“Climate skeptic” Naomi Seibt, 19, is expected to speak at the Conservative Political Action Conference (CPAC) this week, with the German teenager often compared to Swedish activist Greta Thunberg.

Yet unlike Thunberg, Seibt is not calling for world governments to do more to combat climate change. Instead, Seibt has spoken out against “climate change alarmism,” calling it a “despicably anti-human ideology.”

Seibt is employed by the Chicago-based Heartland Institute think tank, an organization that has ties with the Trump administration. In addition to pushing climate change denial, the group lobbied against tobacco regulation in the 1990s and has downplayed the significant health risks of smoking.

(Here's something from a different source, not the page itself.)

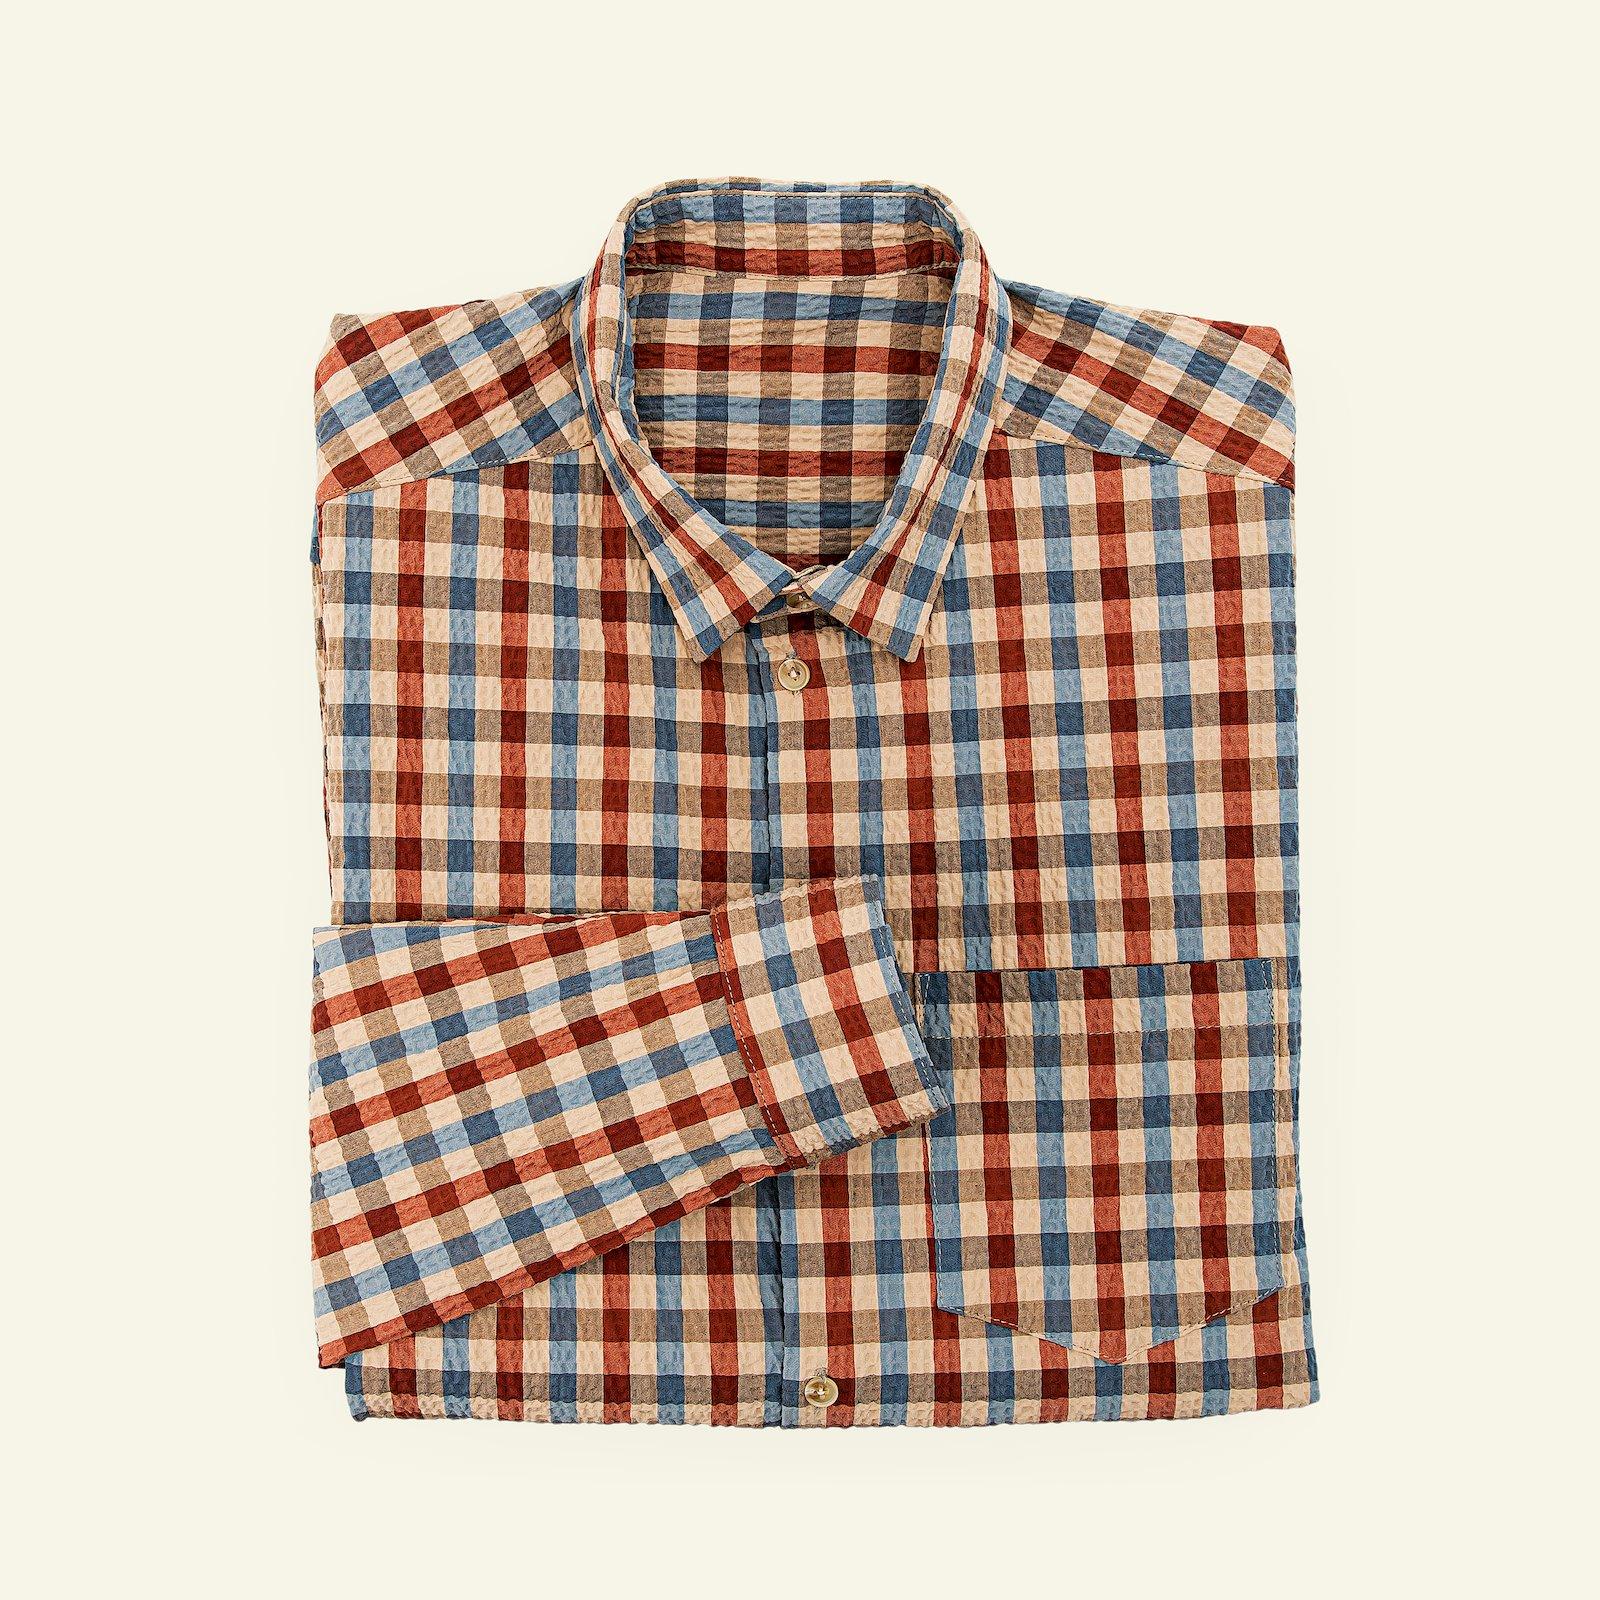 Shirt, XL p87001_501898_40228_sskit
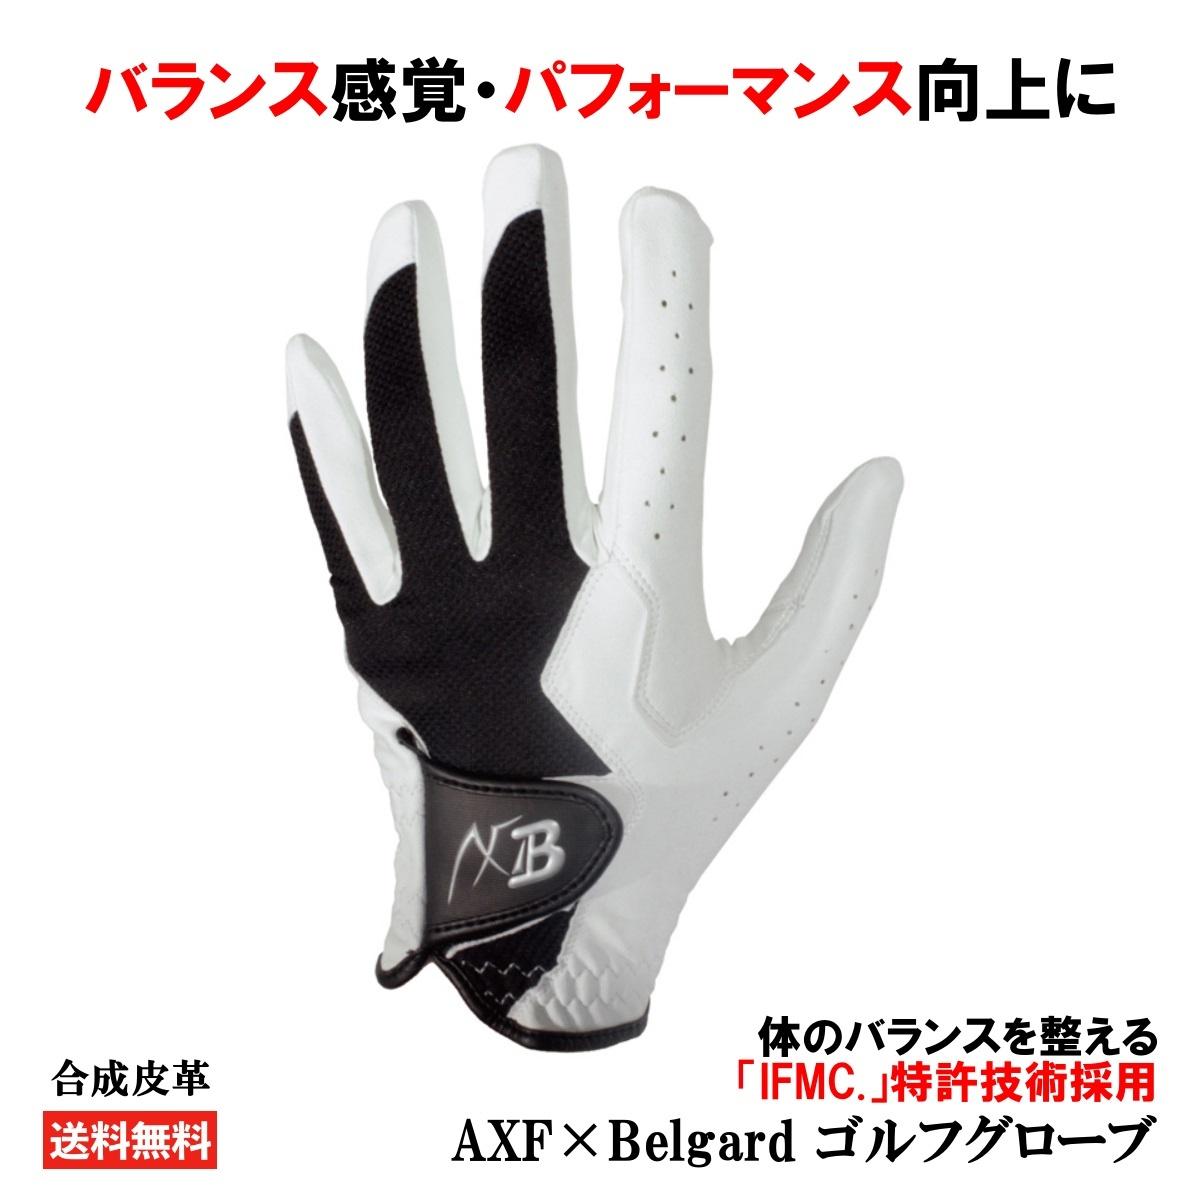 ゴルフグローブ メンズ 男性用 両手用 左手用 右手用 合成皮革 AXF×Belgard 体のバランス整える 格安SALEスタート IFMC. 特許技術採用 ゴルフ 永遠の定番モデル

“I have good news for you. The world is not ending because of climate change,” Seibt says in a Heartland Institute video. "People are being force-fed a very dystopian agenda of climate alarmism that tells us that we as humans are destroying the planet and that we, the young people especially, have no future."

Seibt is from the western German city of Munster. Her mother, a lawyer, has represented politicians from the far-right Alternative for Germany (AfD) party in court. Seibt has denied any connections with the AfD.

Seibt’s rise comes as Thunberg’s climate justice movement has attracted media attention and praise from international organizations. Thunberg, 17, has called for students around the world to skip school in order to demonstrate for action on climate change, with the strikes dubbed “Fridays for Future.” Thunberg attended the U.N. Climate Action Summit in September and has been named Time’s Person of the Year for 2019.

There is a strong international consensus among scientists that climate change is a real phenomenon, and that it is caused by human activities.